Dieting presents its own special set of challenges to people who have diabetes. And while there's no magic weight loss regimen that will effortlessly melt away the pounds while keeping your blood sugar in the ideal range, clearing up misconceptions may help you shed unwanted pounds for keeps.

Here, we've collected the advice of some of the top experts in the field: Mary Gocke, RD, CDN, Carole Marks, MD, at Long Island College Hospital in Queens, New York, Jennifer Regester, RD, CDN, CDE, at the Gerald J. Friedman Diabetes Institute in New York City, and Caroline Bohl, MS, RD, CDE, at New York Presbyterian Hospital in New York City contribute.

Myth 1: Fruit's healthy so you can eat as much as you want and still lose weight.

Fact: Fruit is chockful of fiber, vitamins and minerals.
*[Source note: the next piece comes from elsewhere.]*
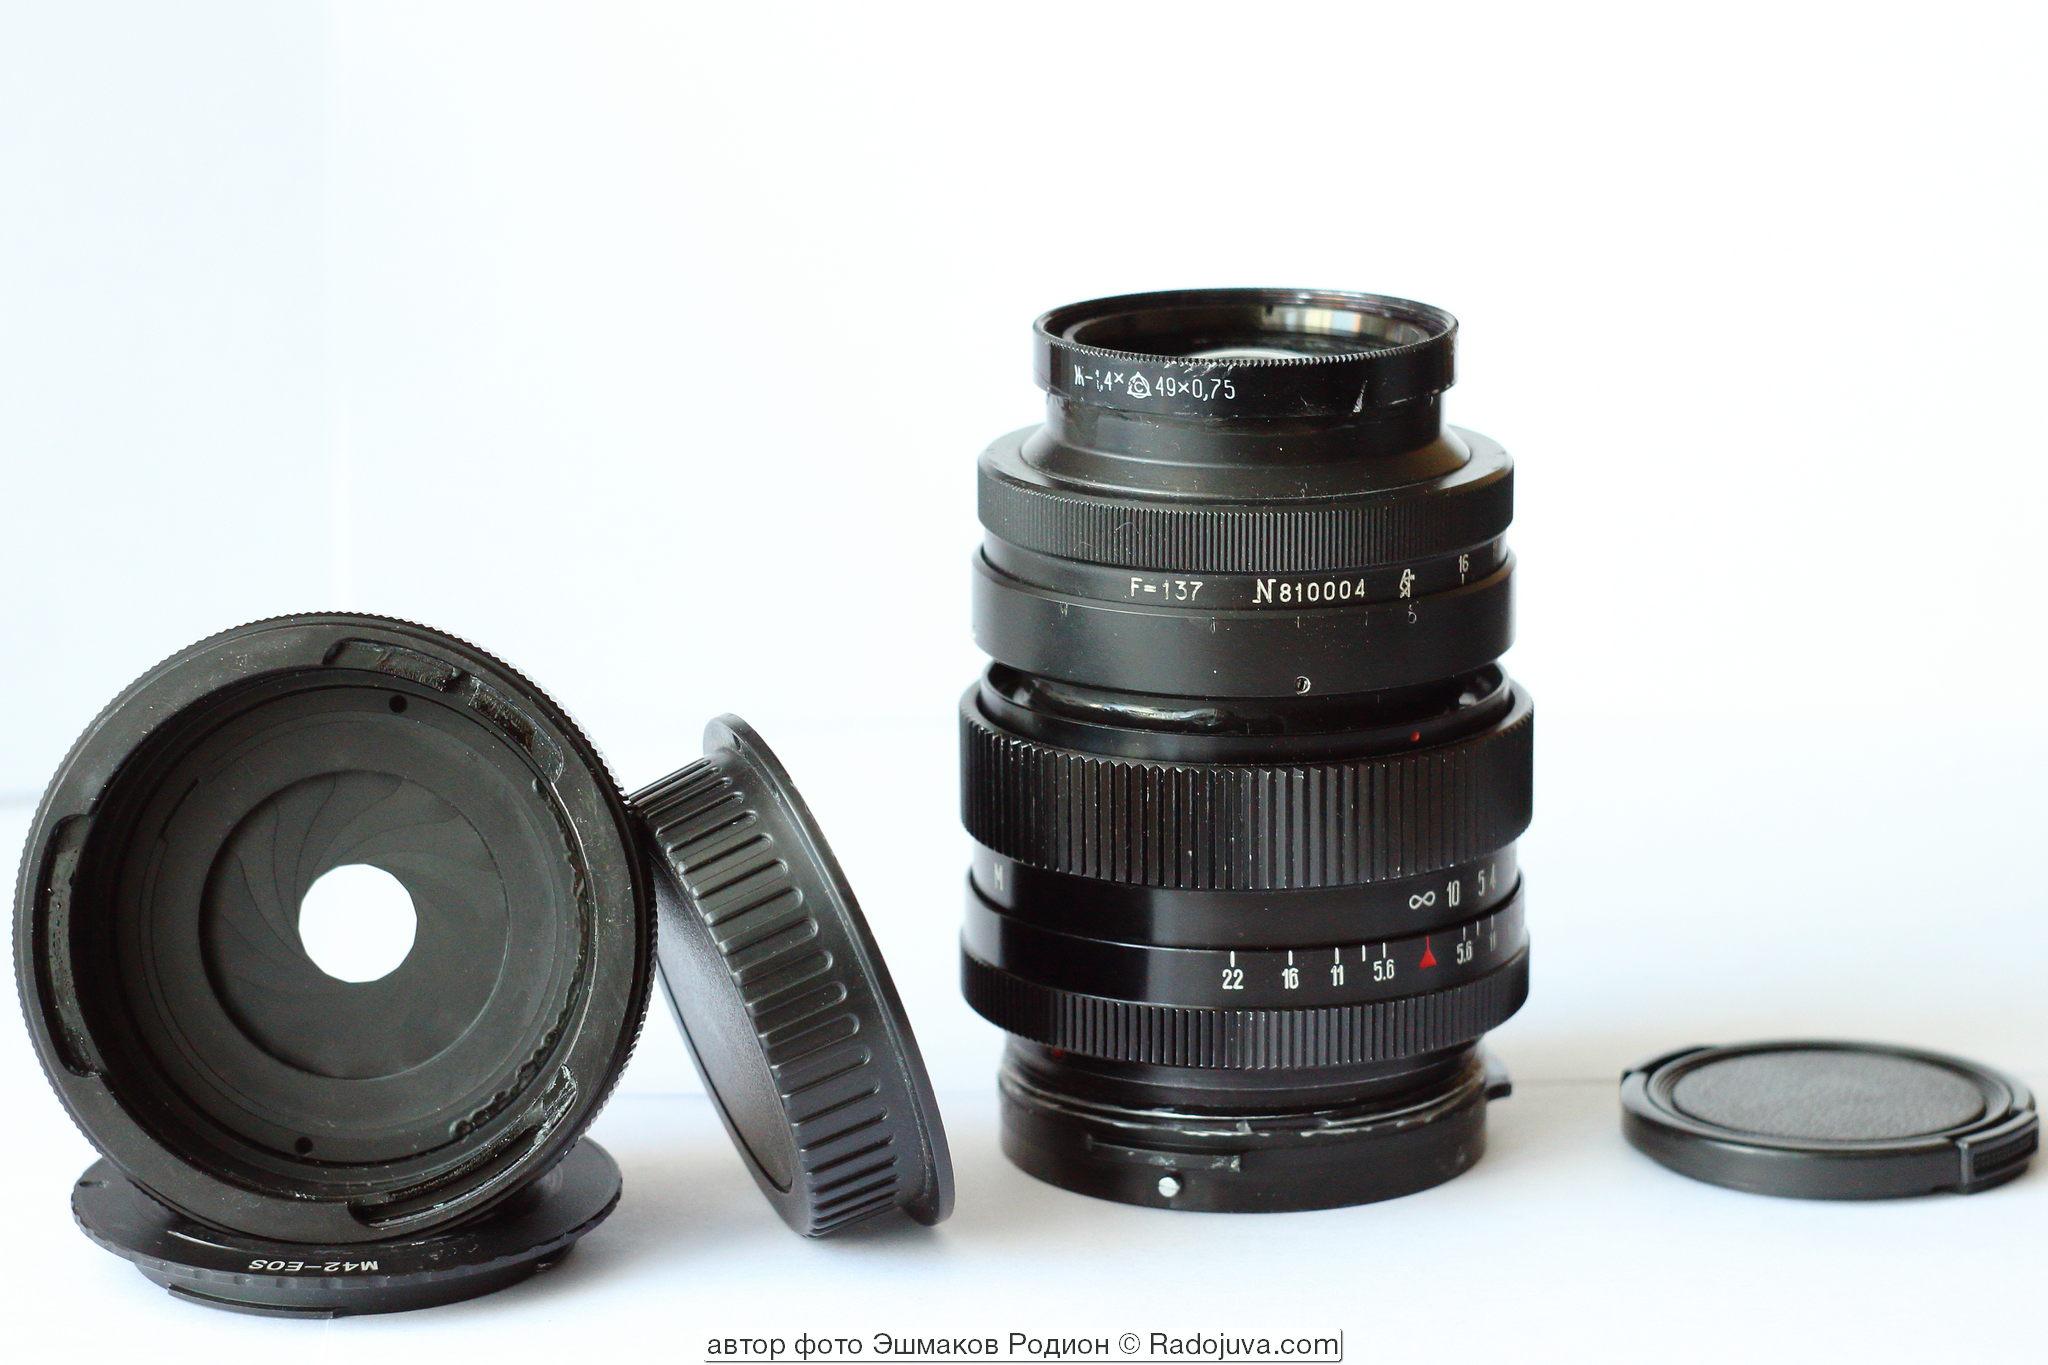 Адаптированный объектив и переходные кольца для установки на камеру Canon

But it also has sugar and calories,  so it needs to be portion-controlled in order for you to lose weight and keep your blood sugar in the normal range.

Myth 2: You can "save" calories and treat yourself to a big dinner by eating light the rest of the day.

Fact: Eating a large meal floods the body with glucose and can cause blood sugar fluctuations, Bohl explains. Instead, spread out your meals evenly over the day and avoid consuming large quantities of food at one time. This gives your body time to level out your blood glucose before the next meal, and you'll avoid the ravenous feeling that you get when you skip meals that causes you to overeat.

Myth 3: You can't ever eat dessert again if you want to lose weight.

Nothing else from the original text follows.